EXERCISE DATA
• • • • • • •
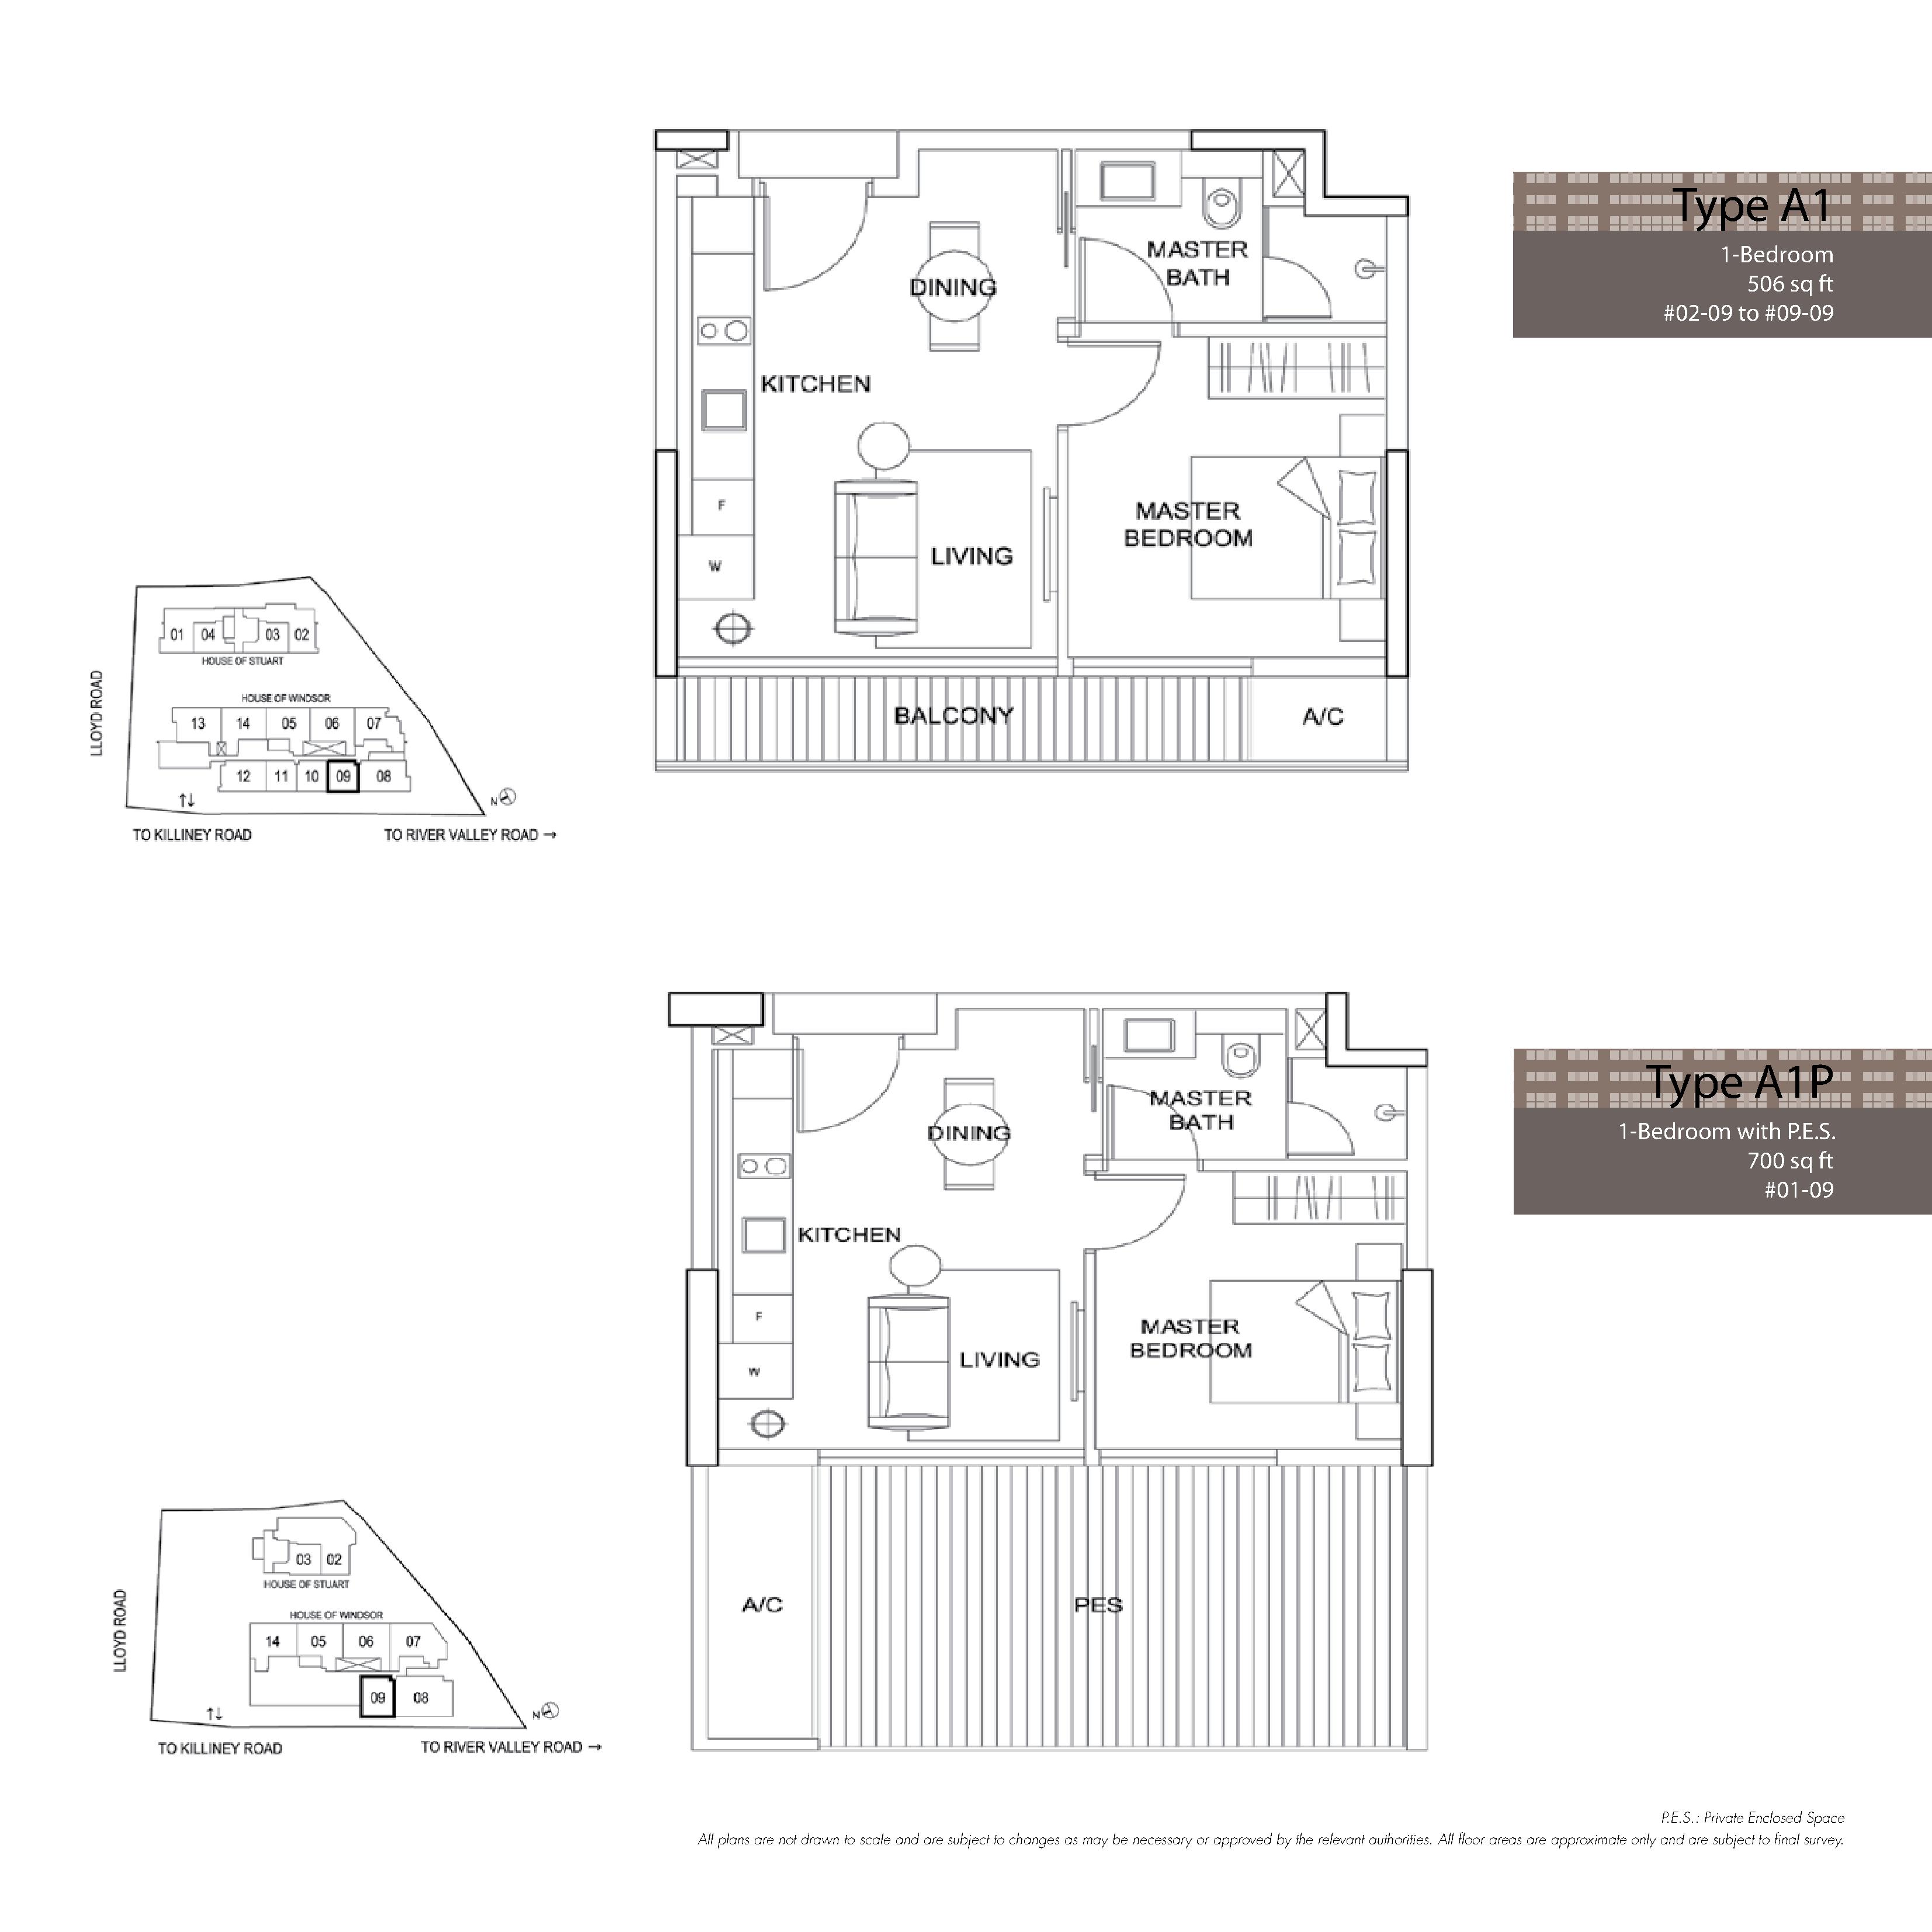 The Boutiq @ Killiney 1 Bedroom/1 Bedroom PES Floor Plans Type A1, A1P
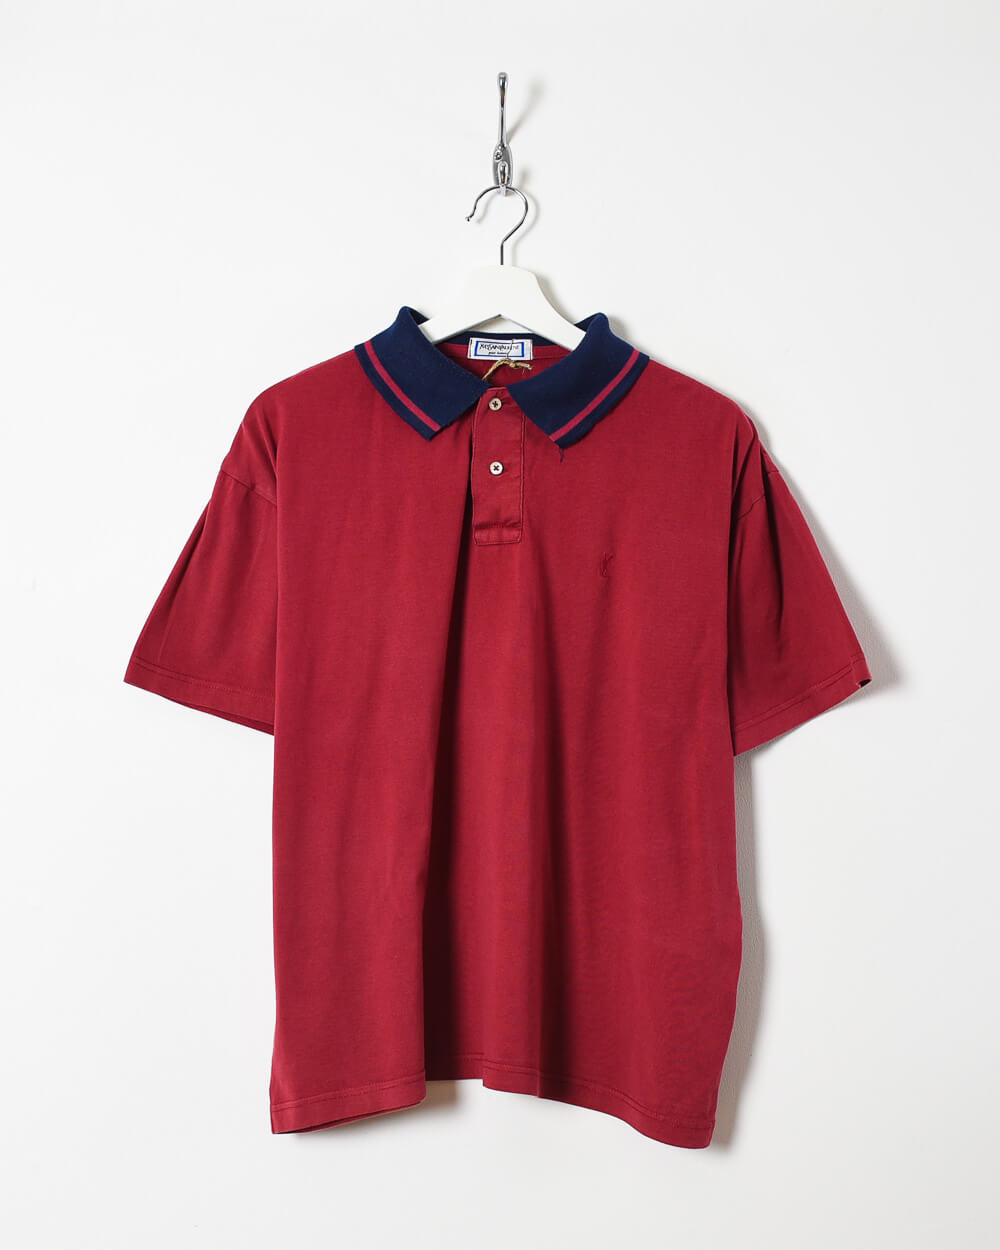 Red Yves Saint Laurent Polo Shirt - Medium
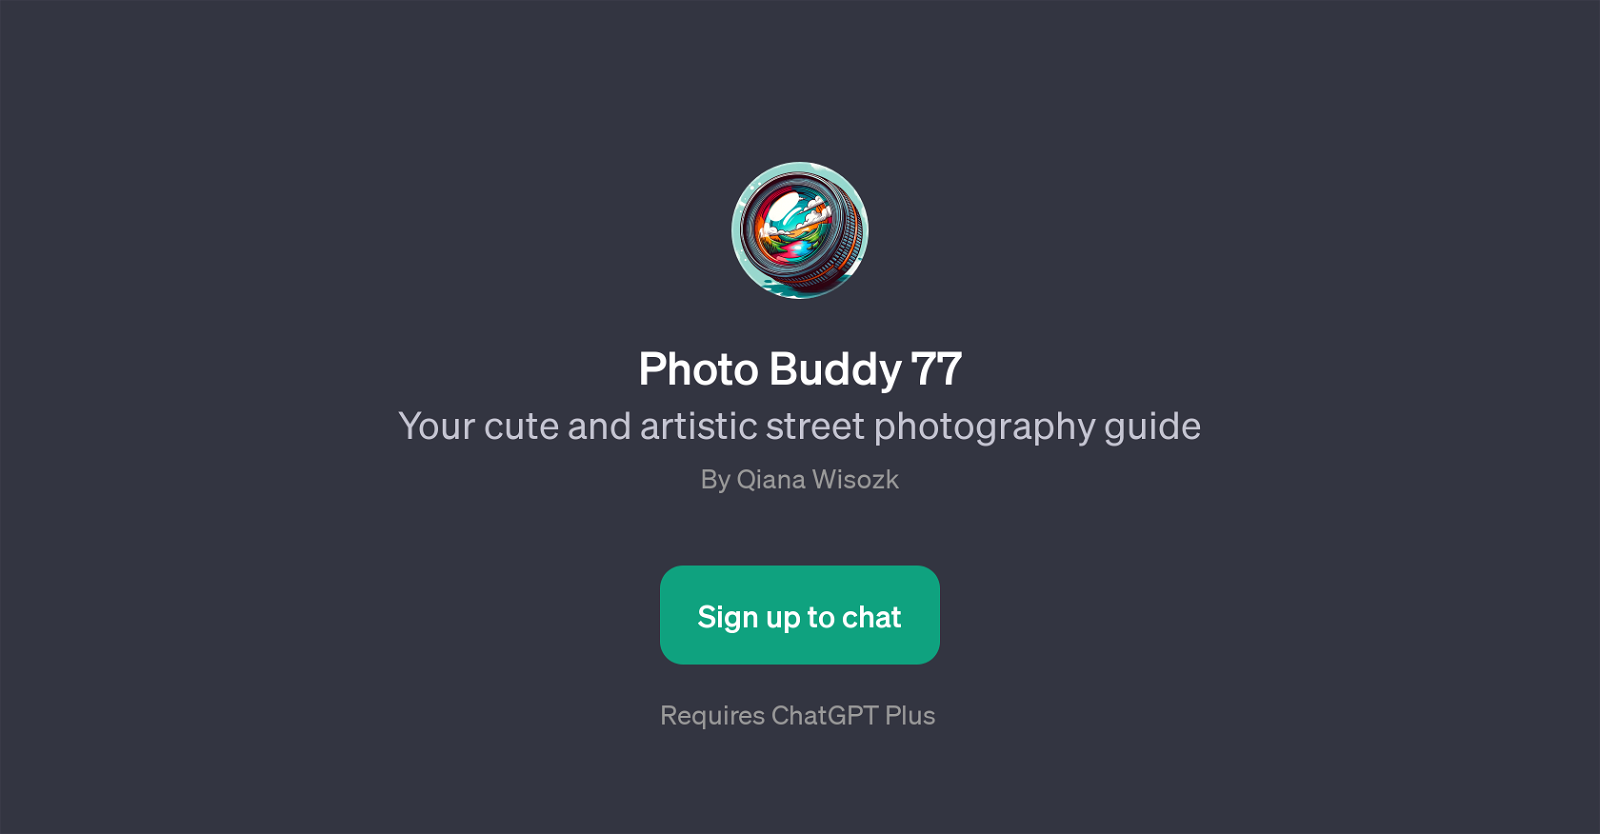 Photo Buddy 77 website
• • • • • • •
BRIEF
Excluding pictures, print all lines above exactly.

EXERCISE RESULT
 The Boutiq @ Killiney 1 Bedroom/1 Bedroom PES Floor Plans Type A1, A1P
 Red Yves Saint Laurent Polo Shirt - Medium
 Photo Buddy 77 website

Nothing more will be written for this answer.